Abstract
This study aims to evaluate the role of multidetector computed tomography (MDCT) in detecting and classifying the large bowel lesions. A prospective study of 100 adult patients was conducted from June 2007 to October 2009. Rectal and IV contrast were used for three dimensional reconstruction. Angiography was performed in cases of suspected ischemic pathology. CT colongraphy was done to evaluate adenomas. CT findings were correlated and confirmed by either colonoscopy, biopsy, postoperative findings or follow-up CT. The pathologies were common in 50–70 yrs (44%). M: F ratio was 2:1. Malignant lesions were seen in (55%) followed by inflammatory lesions in 26%, diverticulitis and ischemic colitis in 6% each.
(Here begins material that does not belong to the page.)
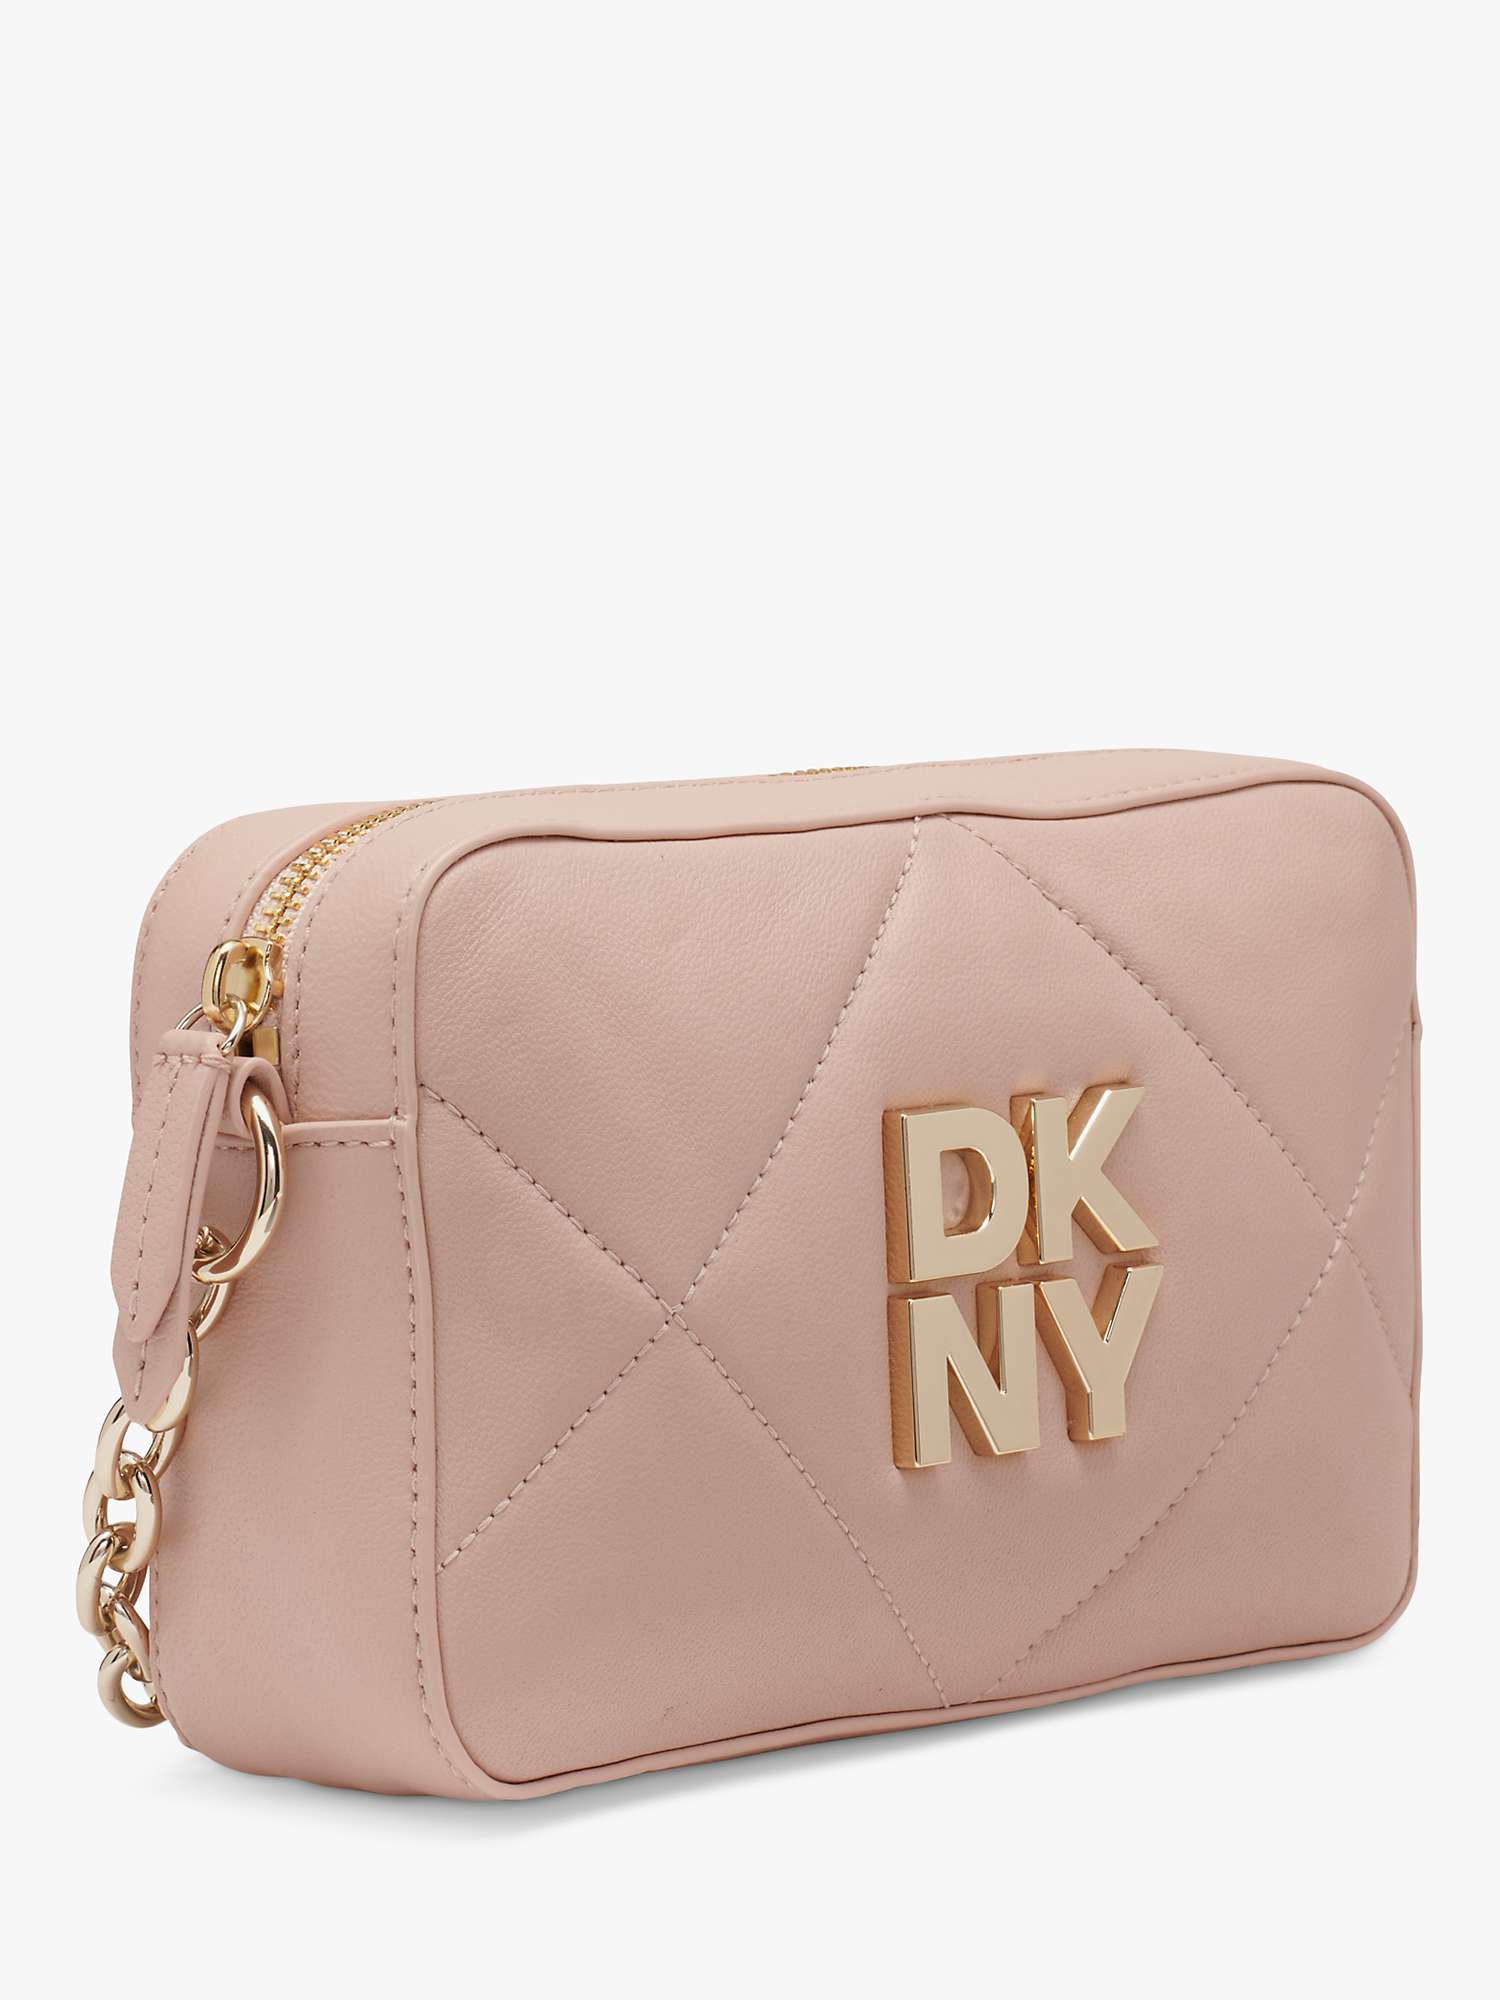 Buy DKNY Red Hook Camera Bag Online at johnlewis.com

Miscellaneous conditions like polyps, volvulus and intussusceptions were seen in 7%. Adenocarcinoma was the common malignancy (81.2%). Present study showed that adenocarcinomas were associated with marked thickening of bowel wall (>1.5 cm) in 85.4% of patients, asymmetrical wall thickening (96.4%), focal involvement (length <10 cm) in 85.5% with heterogeneous post contrast enhancement (96.3%). Inflammatory lesions showed mild thickening (69%),segmental or diffuse involvement (77%), symmetrical wall thickening (89%) and homogenous post contrast enhancement (81%). Ischemic lesions showed marked thickening (83.4%), symmetrical thickening (100%) and homogenous enhancement (100%). Diverticulitis showed marked thickening (100%), asymmetrical wall thickening (66.7%) with heterogeneous post contrast enhancement (100%), with pericolic fluid. Arterial/venous thrombosis was diagnosed in 66.66%. Three per cent had benign adenomatous polyps on CT colonographic studies. MDCT was accurate in 98.2% cases for differentiating between benign and malignant etiology and is the modality of choice.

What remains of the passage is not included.